8. Do FDA's speech-related regulations advance the public health concerns they are designed to address? Are there other alternative approaches that FDA could pursue to accomplish those objectives with fewer restrictions on speech? For prescription drugs, speech related regulations are strongly needed to protect the public, but FDA's speech-regulations do NOT advance the public health concerns they are designed to address in relations to food supplements. FDA required statements are effective when required on known toxic substances, but when stated as --this product or information has not been reviewed by the FDA-- it becomes more of a joke among the public than helpful information.

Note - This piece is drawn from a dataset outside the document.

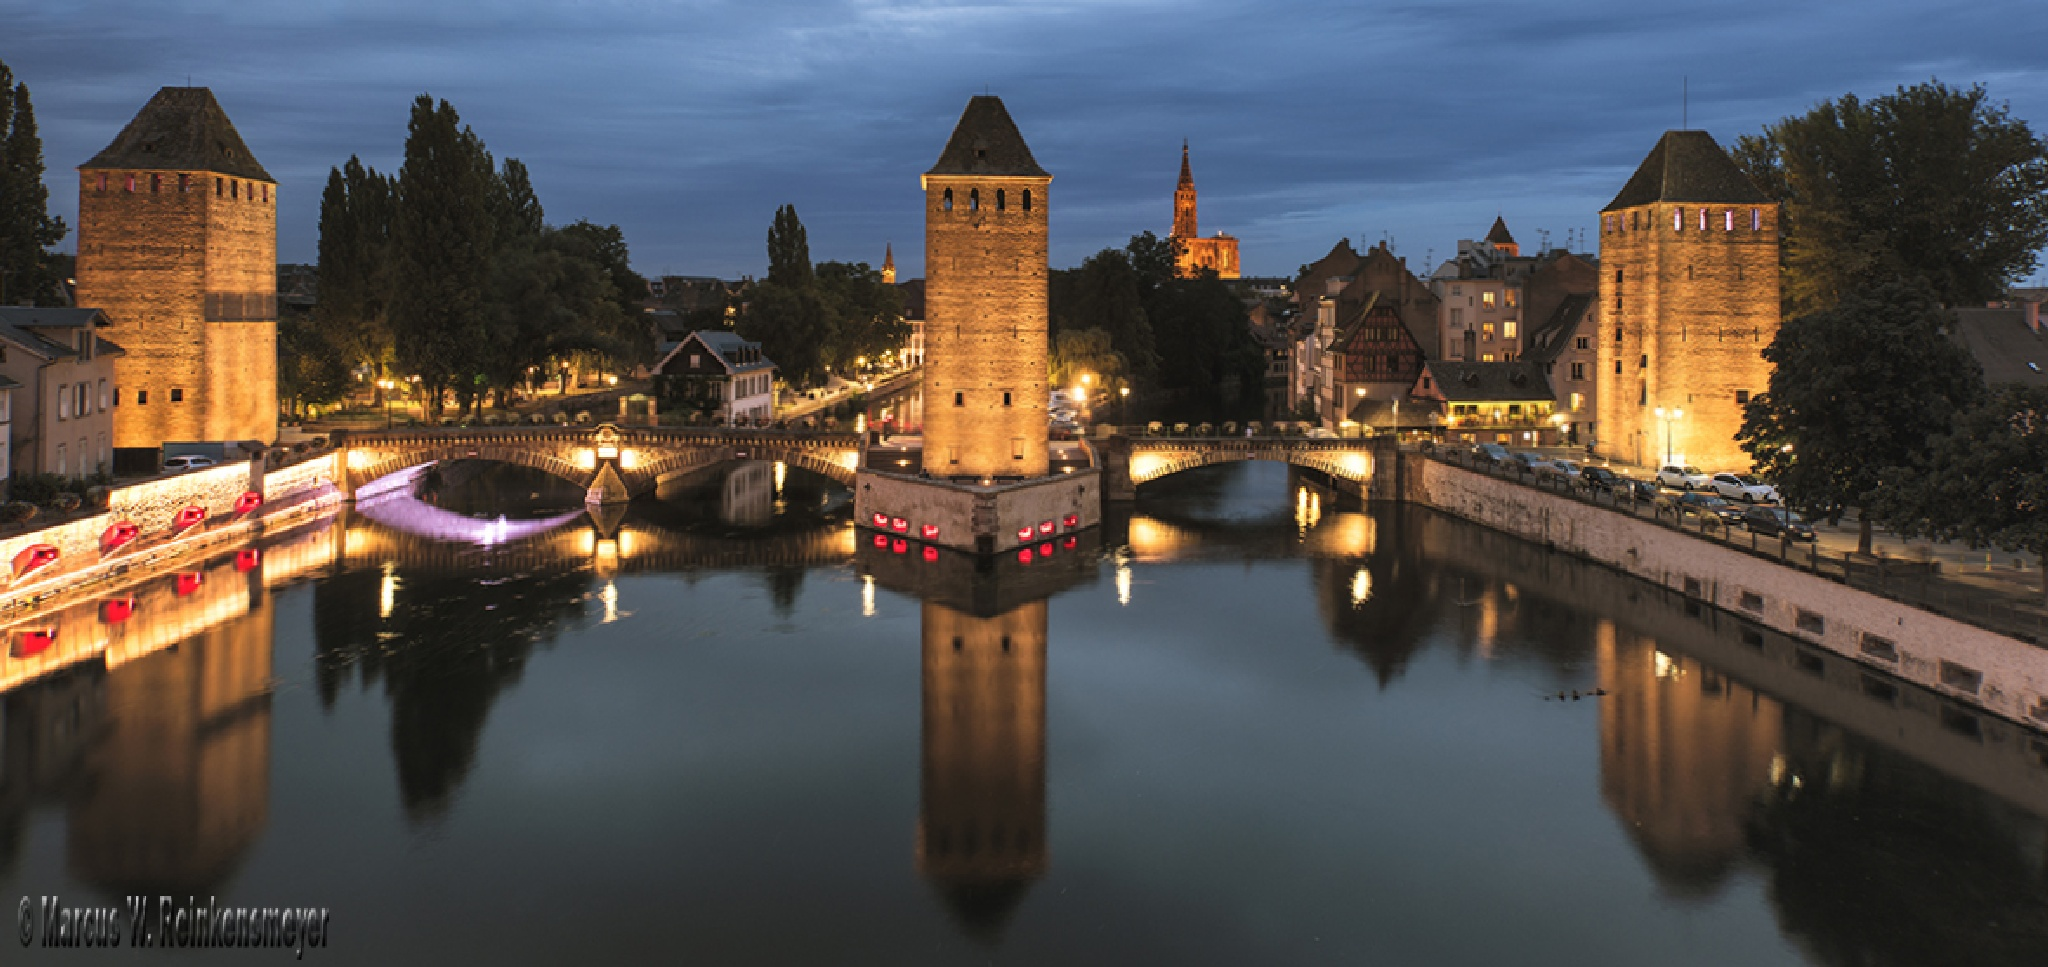 Night Falls on Strasbourg, France  by reinkensmeyer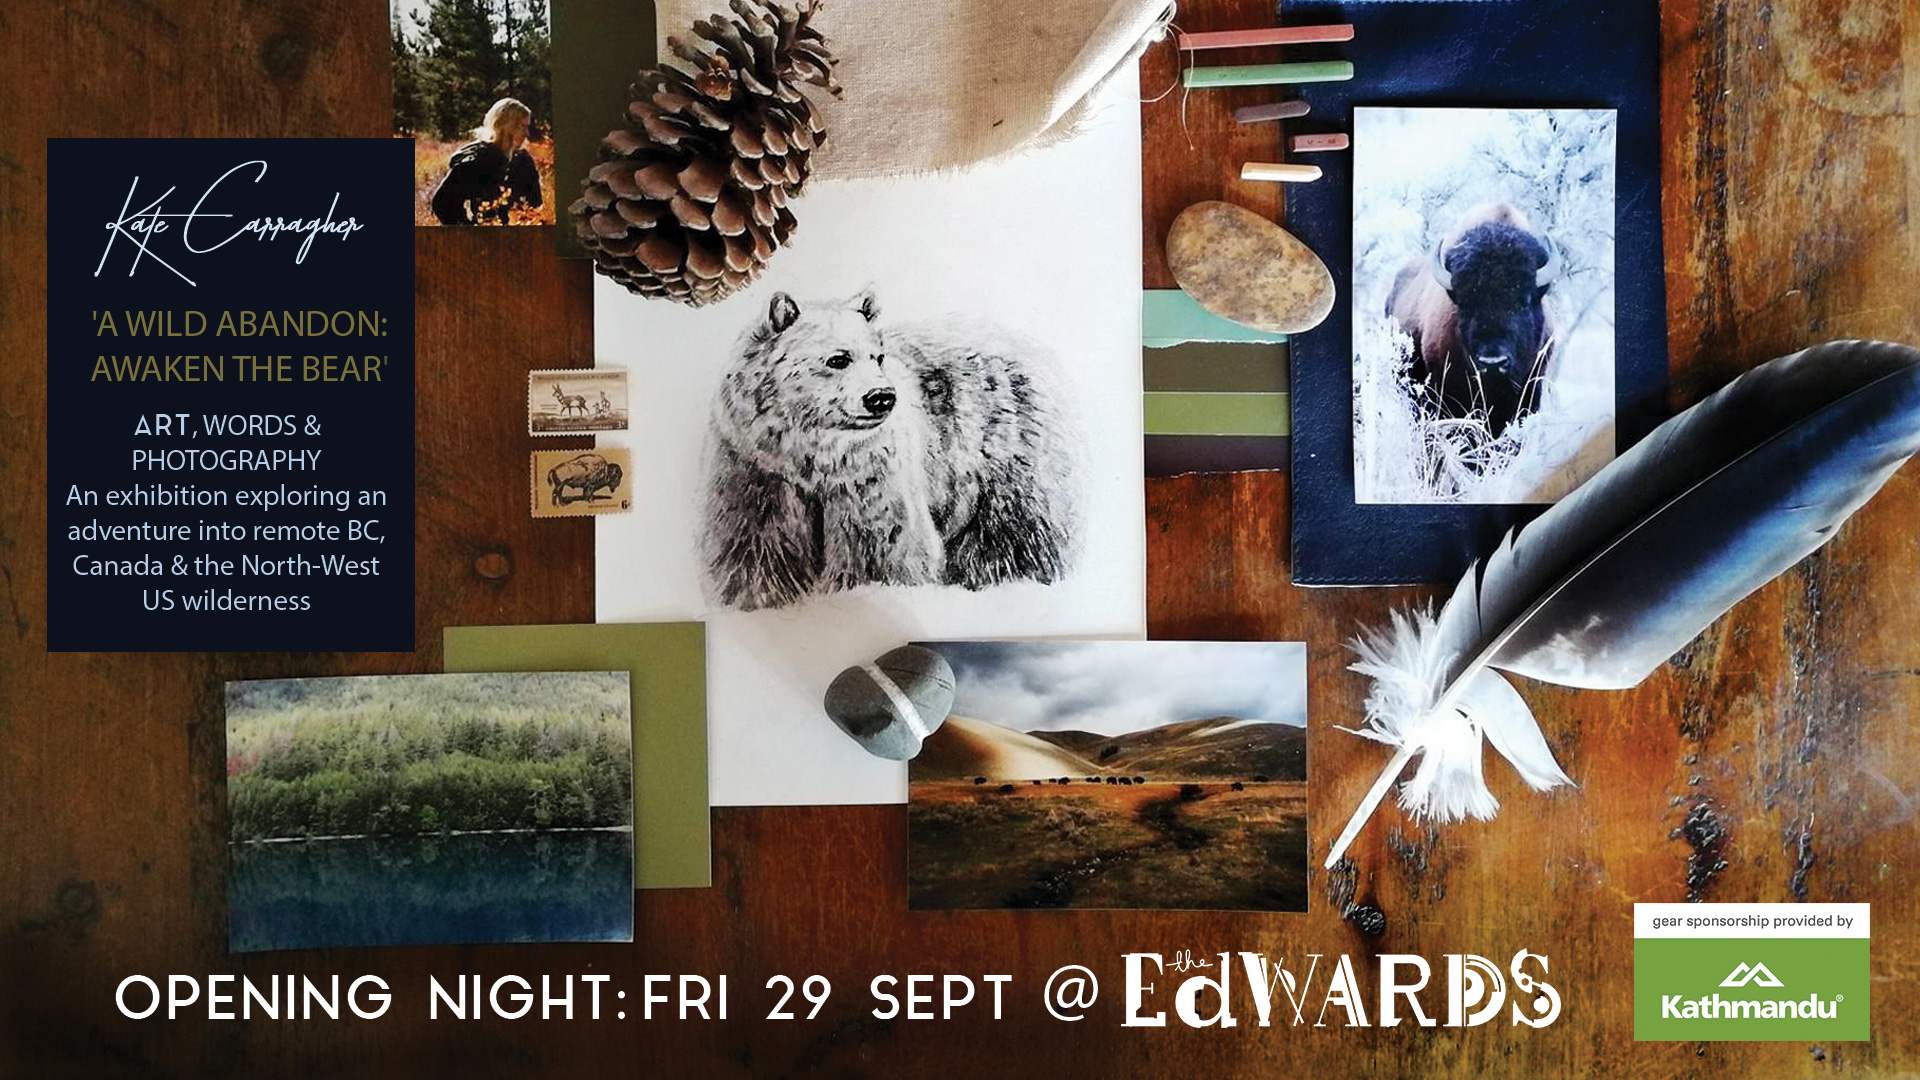 Kate-Carragher-Exhibition_FB-Invite_Web.jpg

Jokes of this nature detract from the FDA and demean its importance.
9. Are there any regulations, guidance, policies, and practices FDA should change, in light of governing First Amendment authority? Fighting health care providers and losing in court tarnishes the reputation of the FDA Each time you lose, it takes away from your credibility. Futhermore when you lose and ignore the court order, it fortells a day that congress will reduce your power. The public needs you-- its just that they want you to protect them in ways they have no ability to help themselves eg. Pharmaceuticals where the public has no knowledge. However, individuals can today reach a great level of competence by using the internet, searching medline, PDR, and thousands of other sources to identify supplements they want---but they have no way of knowing that what they ordered and paid for is really what is in the bottle. This is frightenly true for items coming from developing nations where DDT, and other toxic materials are legally used in producing foodstuffs, and supplements. Thank you for this opportunity to express my comments.